# [Provided material]
========================================================================

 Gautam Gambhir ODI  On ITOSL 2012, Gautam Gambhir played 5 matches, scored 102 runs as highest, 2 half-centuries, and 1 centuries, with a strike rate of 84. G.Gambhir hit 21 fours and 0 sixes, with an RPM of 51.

========================================================================

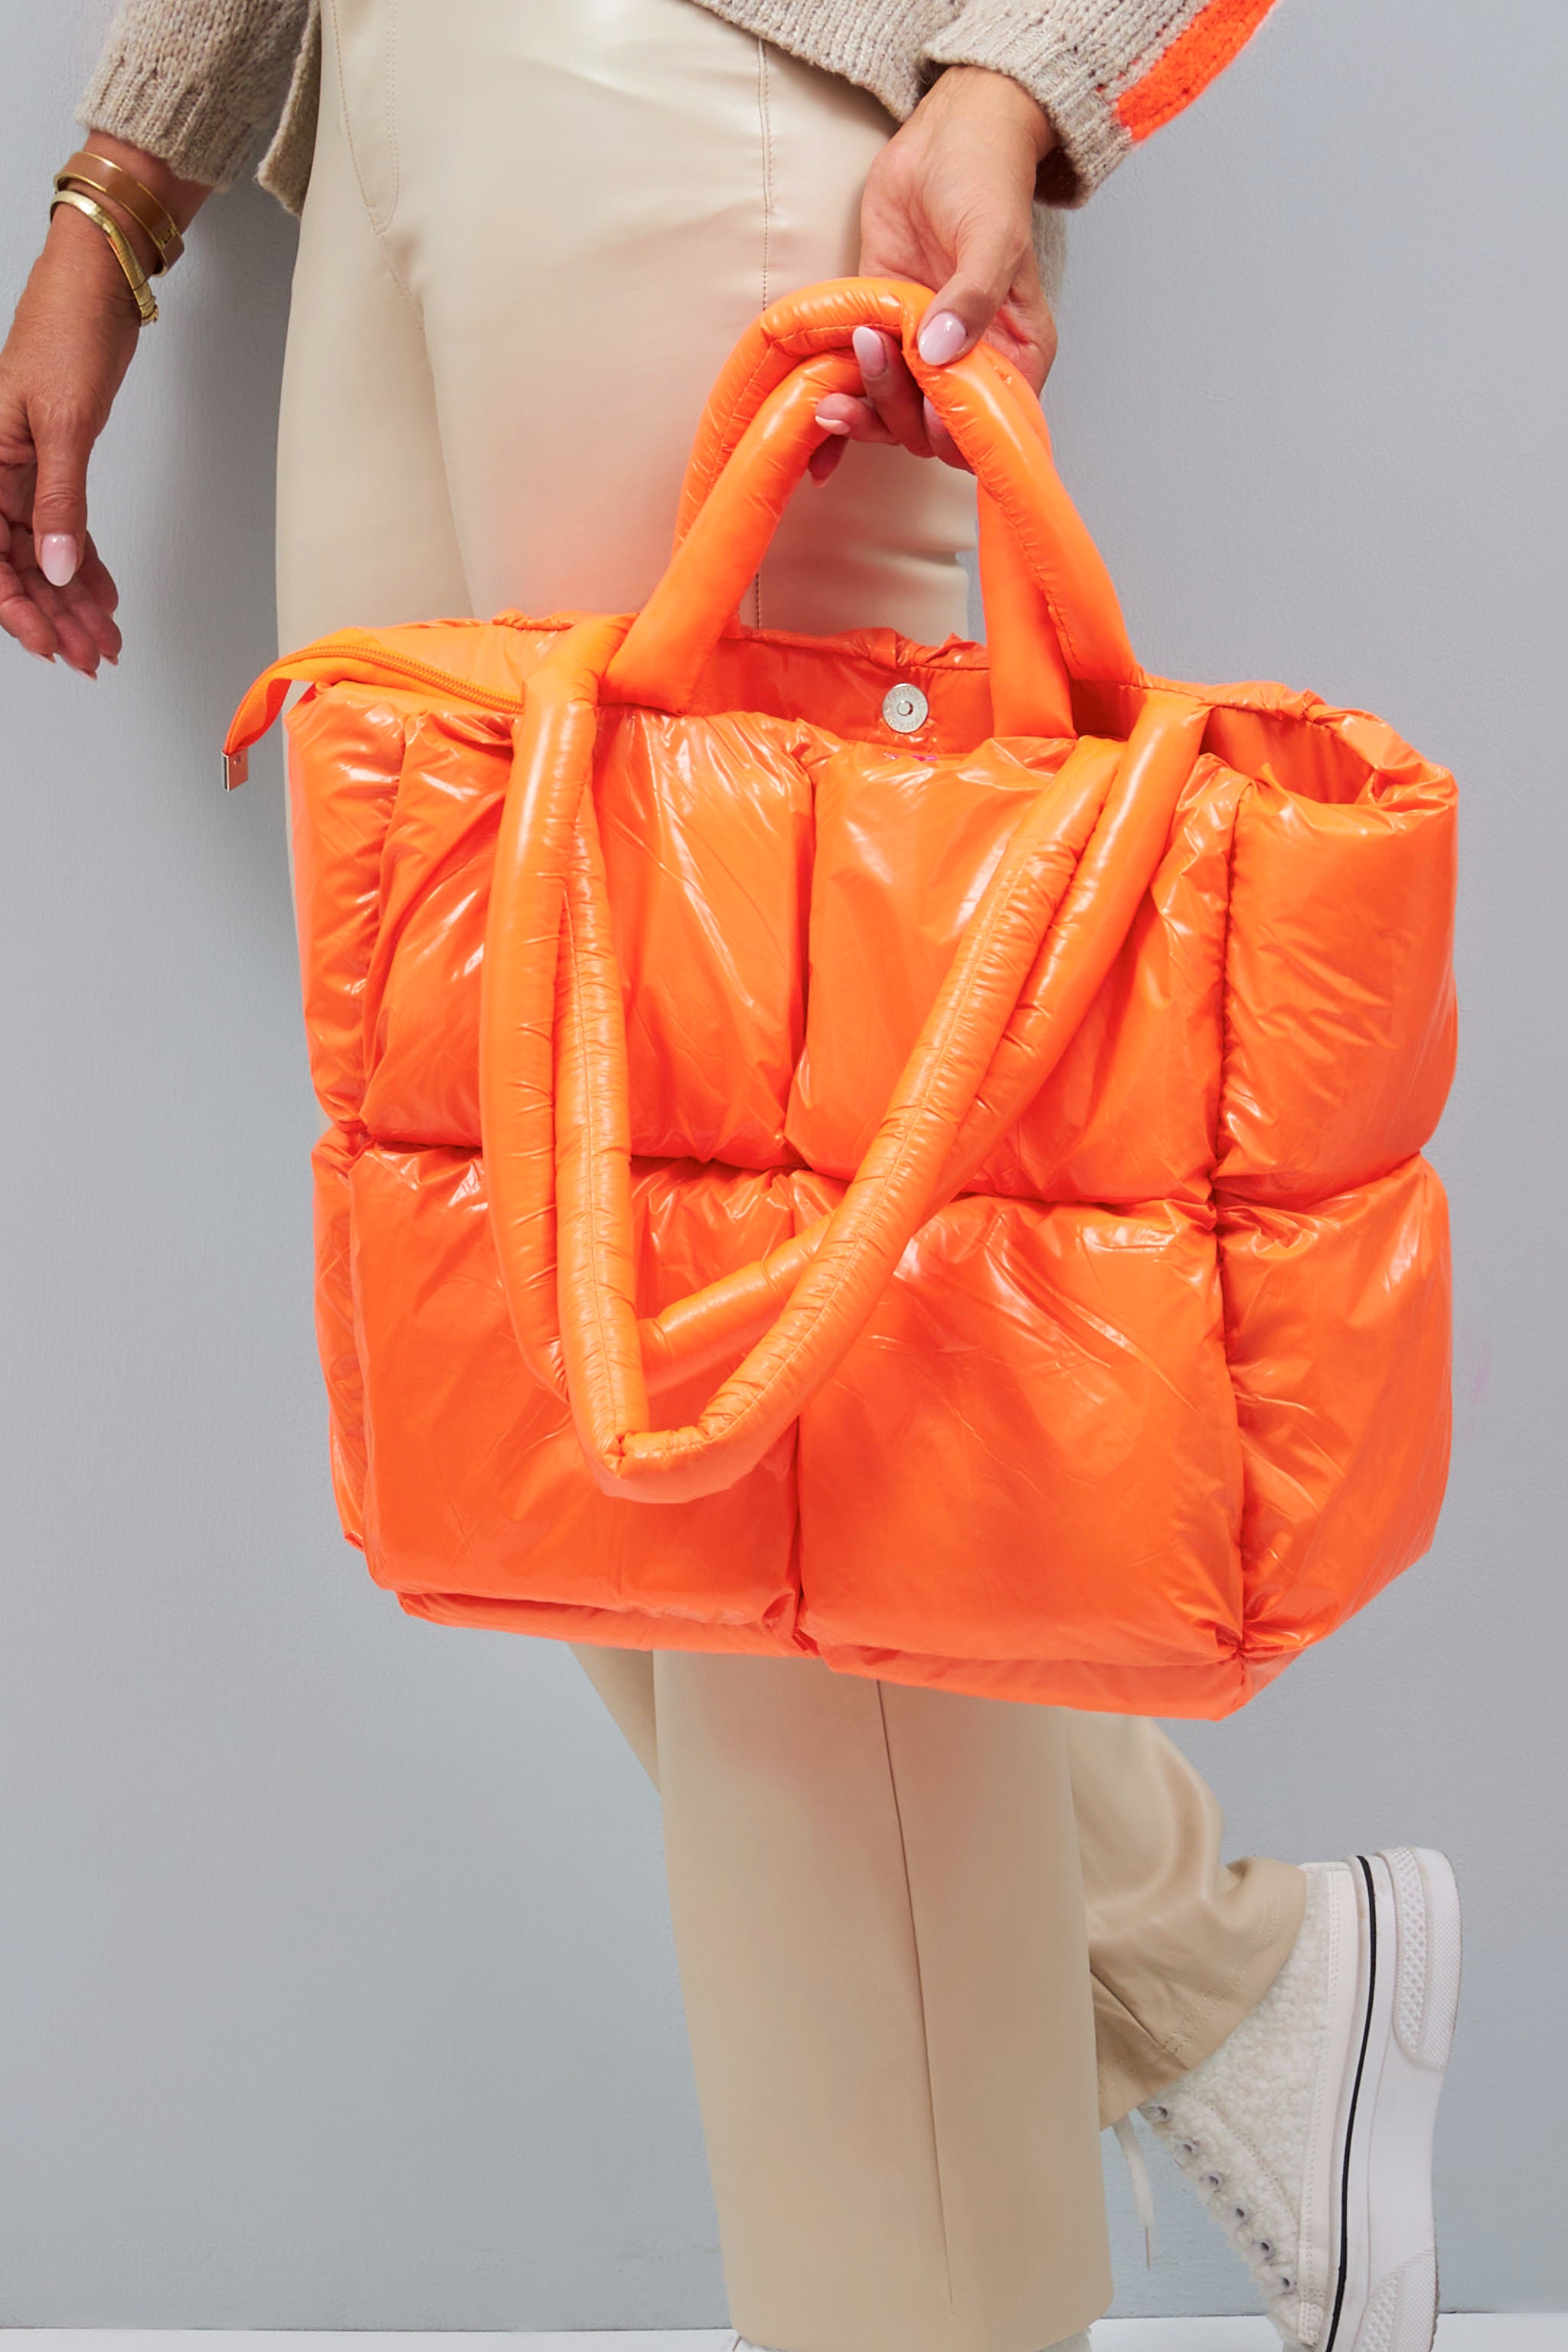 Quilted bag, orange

========================================================================

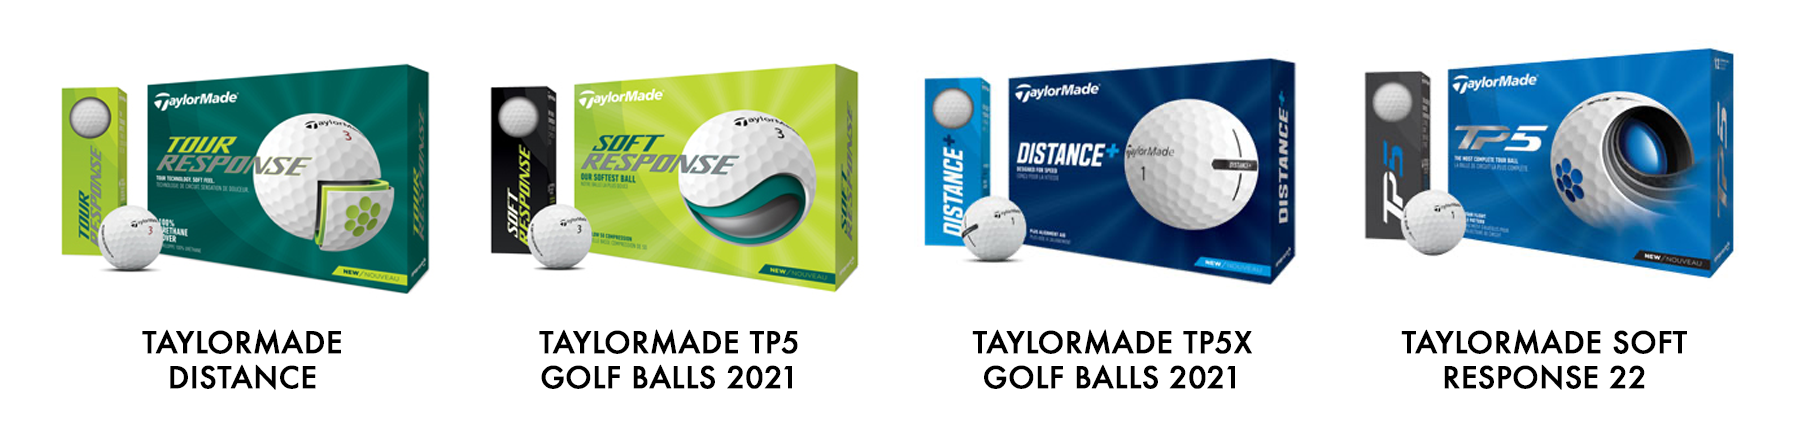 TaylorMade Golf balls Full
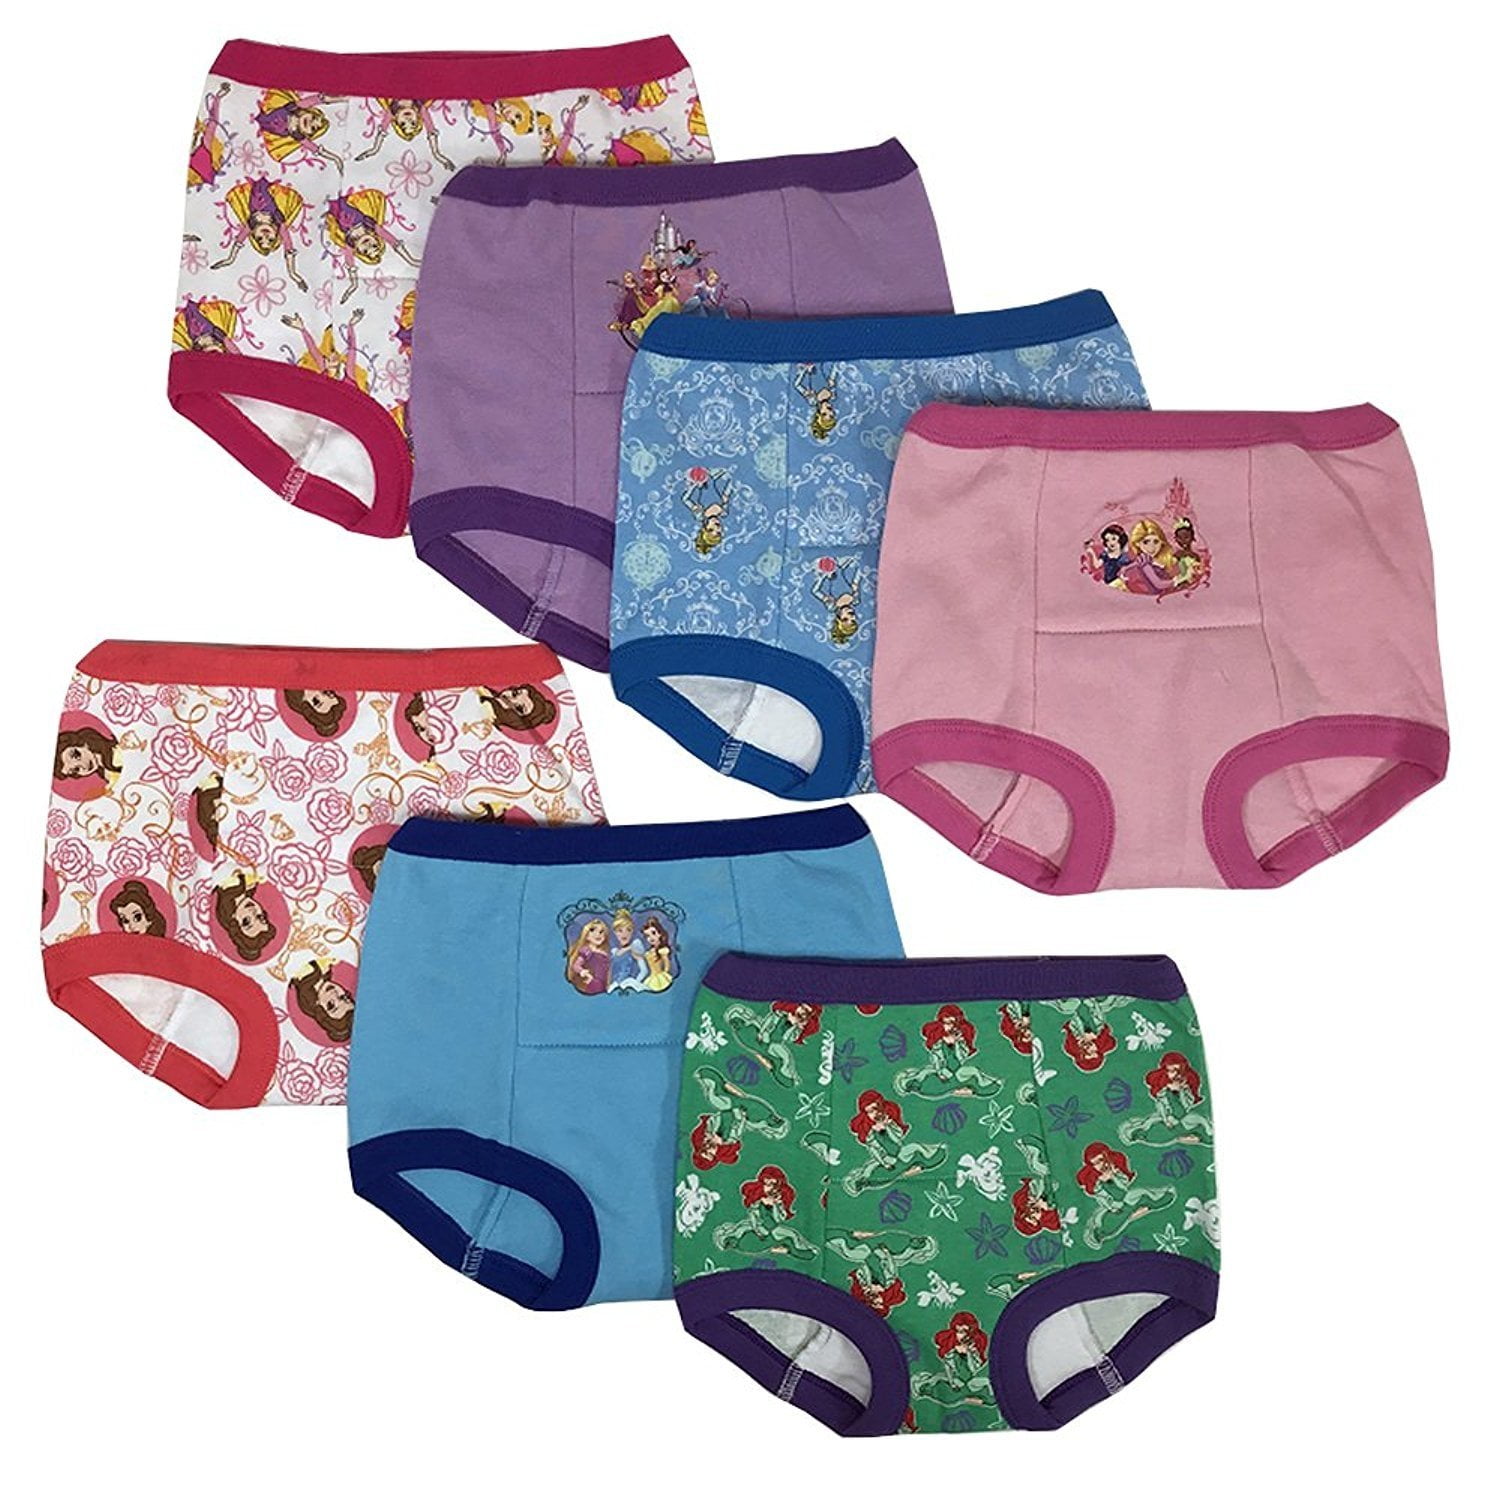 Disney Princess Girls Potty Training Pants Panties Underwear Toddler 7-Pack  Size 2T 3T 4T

========================================================================

# [What you have to do]
In the listing above, find the line containing "TaylorMade Golf balls Full" and the line containing "Disney Princess Girls", then output those two lines and everything between them exactly as written, without the images.

# [Task answer]
 TaylorMade Golf balls Full
 Disney Princess Girls Potty Training Pants Panties Underwear Toddler 7-Pack  Size 2T 3T 4T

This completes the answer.